А.Н. Доказали, я сейчас расскажу, только одну мысль закончу. Я говорил о деструктивных последствиях антропогенных кризисов. Из этого могут возникнуть очень пессимистические выводы.
А.Г. Вы же сами сказали: человечество не существовало бы, если бы были только негативные последствия.
А.Н. Тем не менее, чаще всего кризисы оборачивались разрушениями, социальными надломами и катастрофами. Но есть ряд очень поучительных исторических эпизодов, когда антропогенный кризис, спровоцированный техно-гуманитарным дисбалансом, охватывал обширный регион с высоким уровнем культурного разнообразия, и обитатели этого региона находили кардинальный выход из тупика. В итоге резко изменялись технология, психология, социальная организация и механизмы человеческих отношений.

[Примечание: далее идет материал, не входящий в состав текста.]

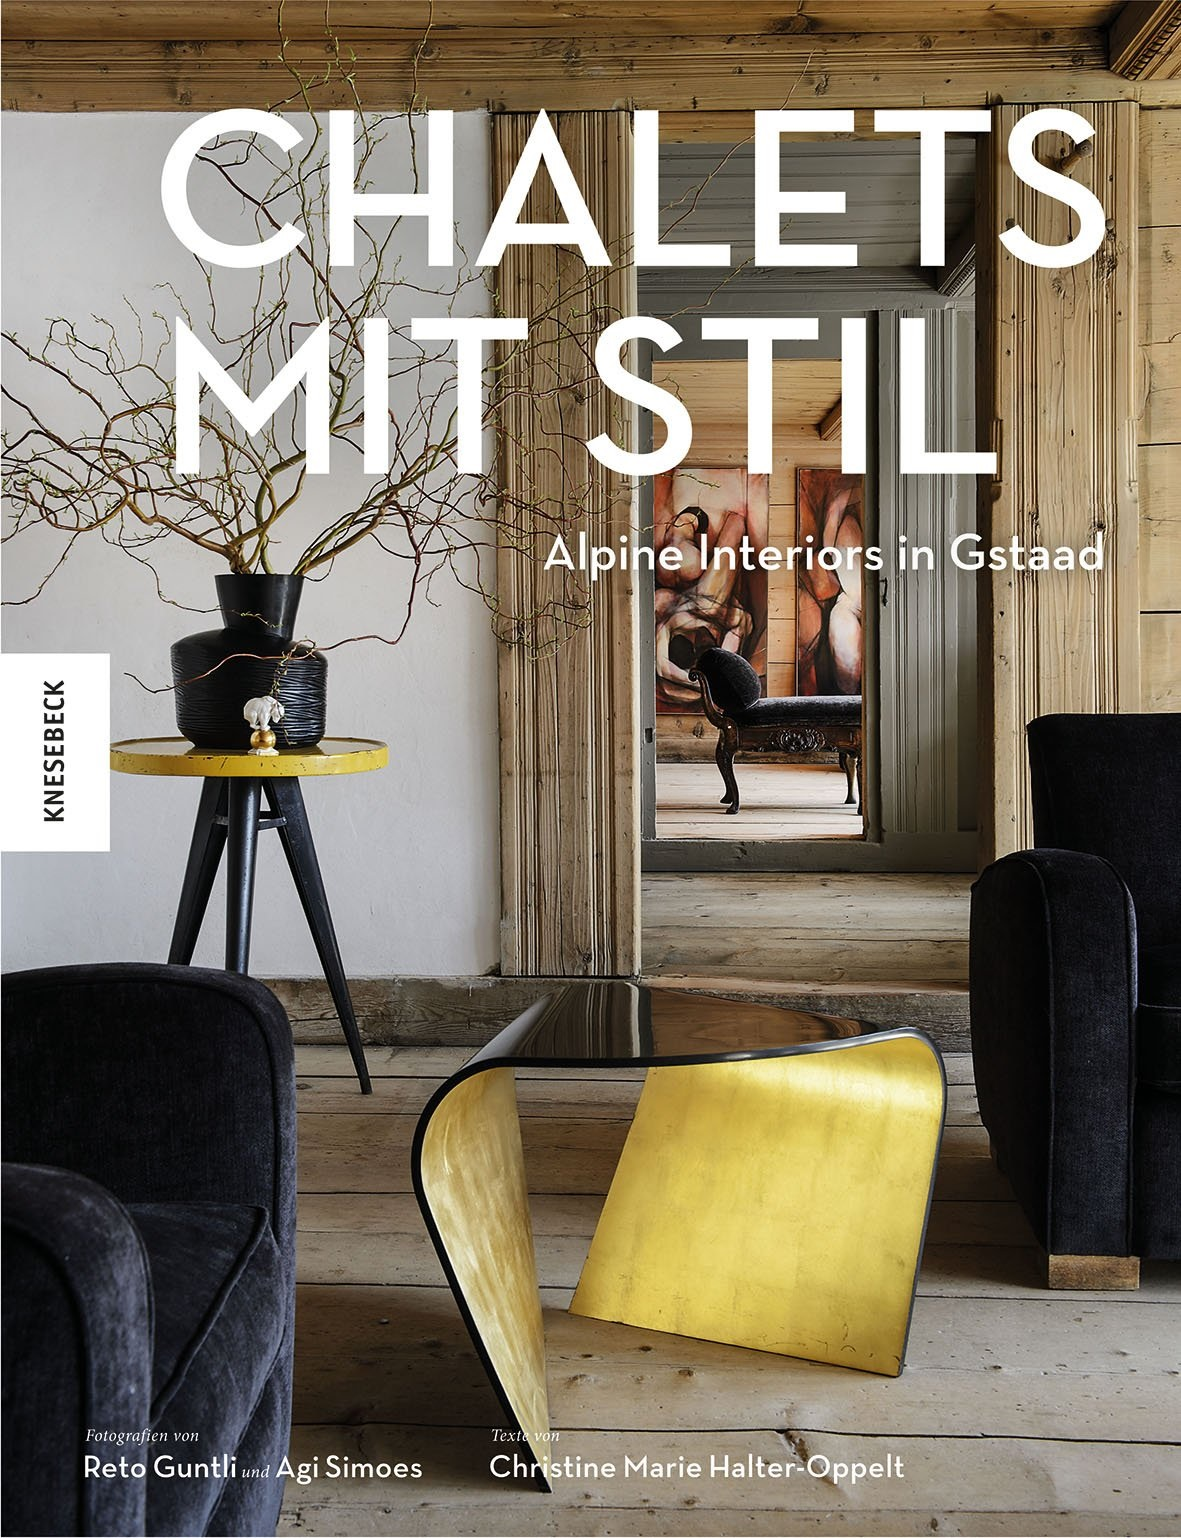 Chalets mit Stil: Alpine Interiors in Gstaad - Reto Guntli et al.

Приведу два примера – у нас на большее не хватит времени, – чтобы сказанное проиллюстрировать. Я называю такие эпизоды оптимистическими трагедиями, потому что обострившиеся проблемы выживания удавалось прогрессивно разрешить. «Прогрессивно» – не в том смысле, что жизнь людей после этого становилась все лучше. Нет, конечно, – одни проблемы и риски сменялись другими, в перспективе еще более трудными, но общество, вместе с природной средой, последовательно удалялось от естественного (дикого) состояния.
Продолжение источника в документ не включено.